Class HLL

java.lang.Object
org.apache.solr.util.hll.HLL
All Implemented Interfaces:
Cloneable

public class HLL extends Object implements Cloneable
A probabilistic set of hashed long elements. Useful for computing the approximate cardinality of a stream of data in very small storage.

A modified version of the 'HyperLogLog' data structure and algorithm is used, which combines both probabilistic and non-probabilistic techniques to improve the accuracy and storage requirements of the original algorithm.

More specifically, initializing and storing a new HLL will allocate a sentinel value symbolizing the empty set (HLLType.EMPTY). After adding the first few values, a sorted list of unique integers is stored in a HLLType.EXPLICIT hash set. When configured, accuracy can be sacrificed for memory footprint: the values in the sorted list are "promoted" to a "HLLType.SPARSE" map-based HyperLogLog structure. Finally, when enough registers are set, the map-based HLL will be converted to a bit-packed "HLLType.FULL" HyperLogLog structure.

This data structure is interoperable with the implementations found at:

when properly serialized.
  • Field Details

  • Constructor Details

    • HLL

      public HLL(int log2m, int regwidth, int expthresh, boolean sparseon, HLLType type)
      NOTE: Arguments here are named and structured identically to those in the PostgreSQL implementation, which can be found here.
      Parameters:
      log2m - log-base-2 of the number of registers used in the HyperLogLog algorithm. Must be at least 4 and at most 30.
      regwidth - number of bits used per register in the HyperLogLog algorithm. Must be at least 1 and at most 8.
      expthresh - tunes when the HLLType.EXPLICIT to HLLType.SPARSE promotion occurs, based on the set's cardinality. Must be at least -1 and at most 18.
      sparseon - Flag indicating if the HLLType.SPARSE representation should be used.
      type - the type in the promotion hierarchy which this instance should start at. This cannot be null.
    • HLL

      public HLL(int log2m, int regwidth)
      Construct an empty HLL with the given log2m and regwidth.

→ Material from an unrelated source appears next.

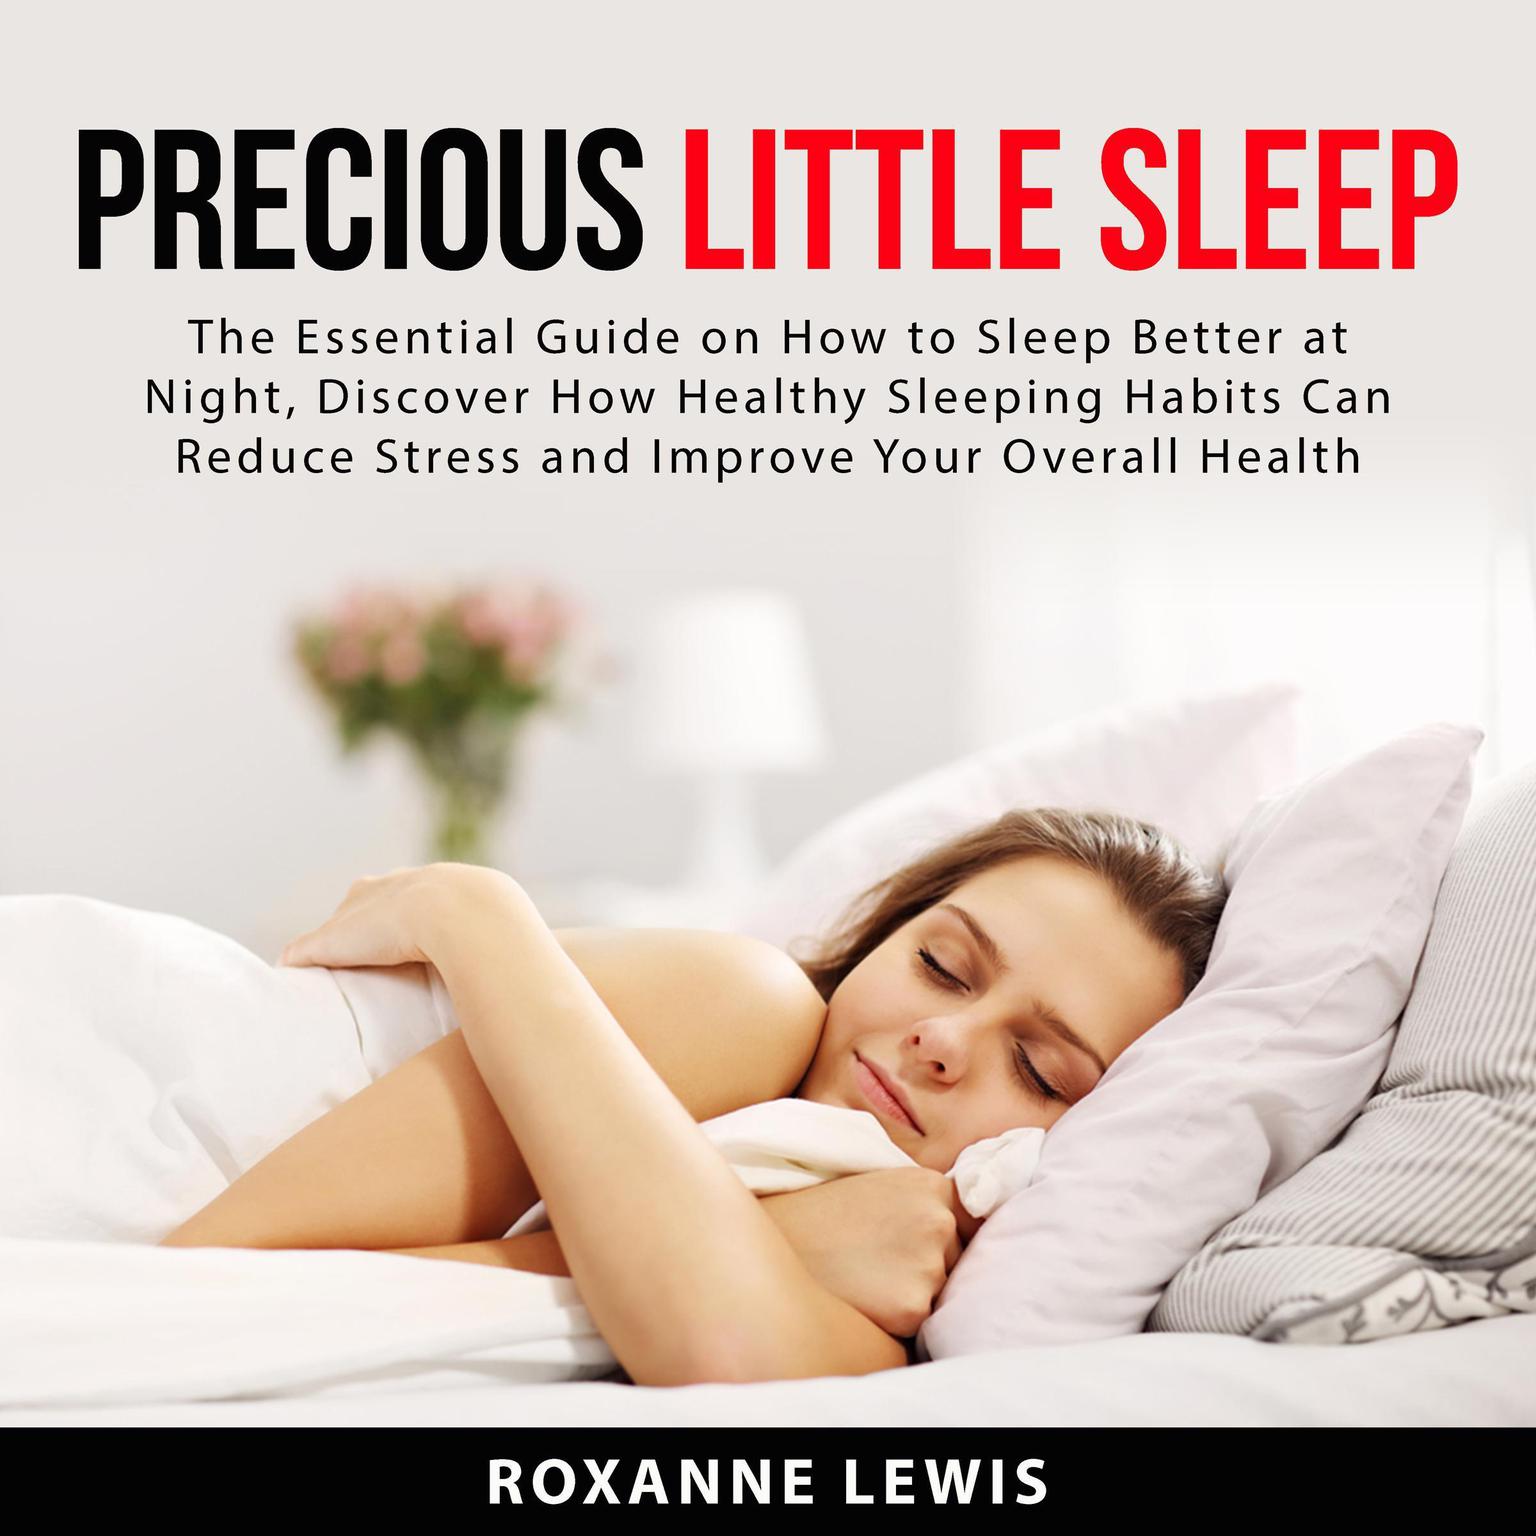 Precious Little Sleep: The Essential Guide on How to Sleep Better at Night, Discover How Healthy Sleeping Habits Can Reduce Stress and Improve Your Overall Health Audiobook, by Roxanne Lewis
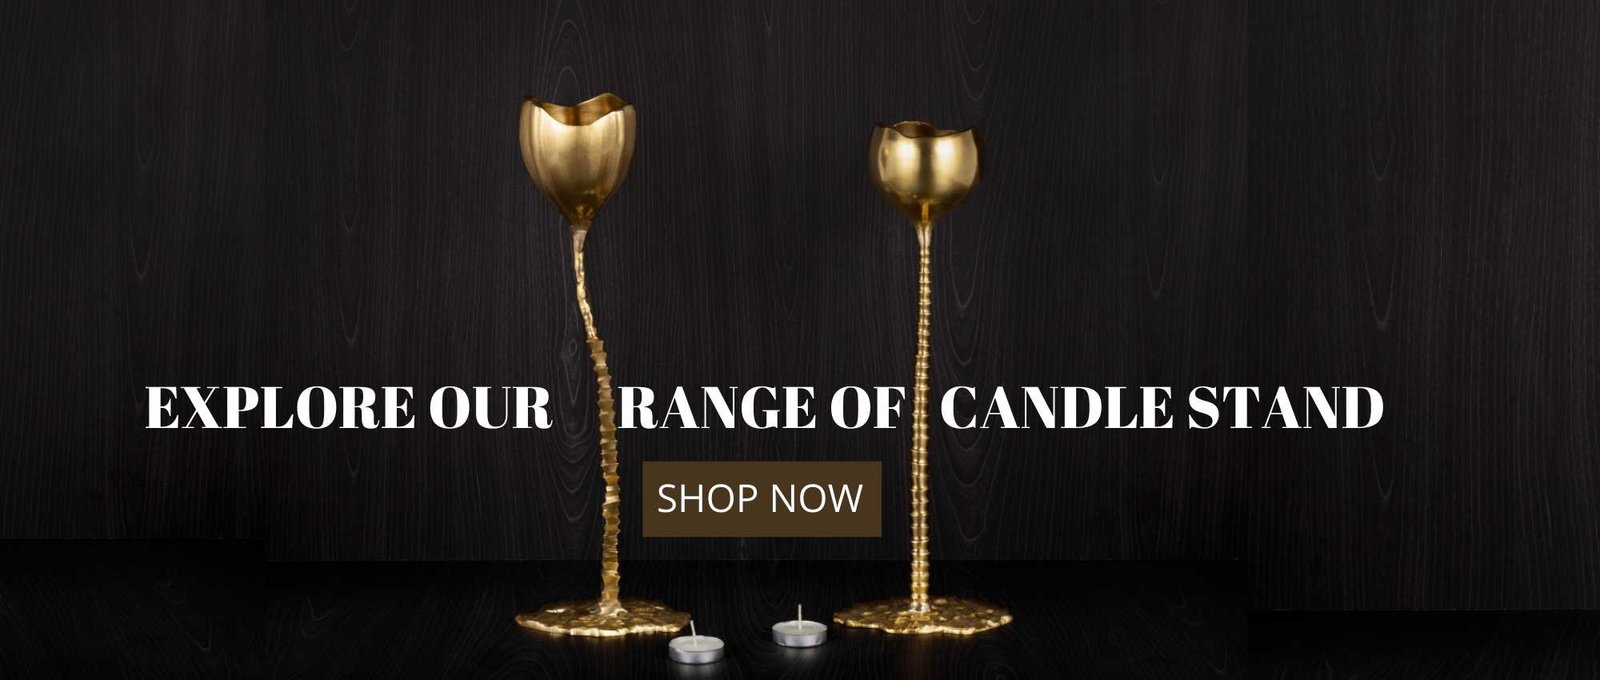 EXPLORE-OUR-RANGE-OF-CANDLE-STAND

      This is equivalent to calling HLL(log2m, regwidth, -1, true, HLLType.EMPTY).

      Parameters:
      log2m - log-base-2 of the number of registers used in the HyperLogLog algorithm. Must be at least 4 and at most 30.
      regwidth - number of bits used per register in the HyperLogLog algorithm. Must be at least 1 and at most 8.
      See Also:
  • Method Details

    • getType

      public HLLType getType()
      Returns:
      the type in the promotion hierarchy of this instance. This will never be null .
    • addRaw

      public void addRaw(long rawValue)
      Adds rawValue directly to the HLL.
      Parameters:
      rawValue - the value to be added. It is very important that this value already be hashed with a strong (but not necessarily cryptographic) hash function. For instance, the Murmur3 implementation in Google's Guava library is an excellent hash function for this purpose and, for seeds greater than zero, matches the output of the hash provided in the PostgreSQL implementation.
    • cardinality

      public long cardinality()
      Computes the cardinality of the HLL.
      Returns:
      the cardinality of HLL. This will never be negative.
    • clear

      public void clear()
      Clears the HLL. The HLL will have cardinality zero and will act as if no elements have been added.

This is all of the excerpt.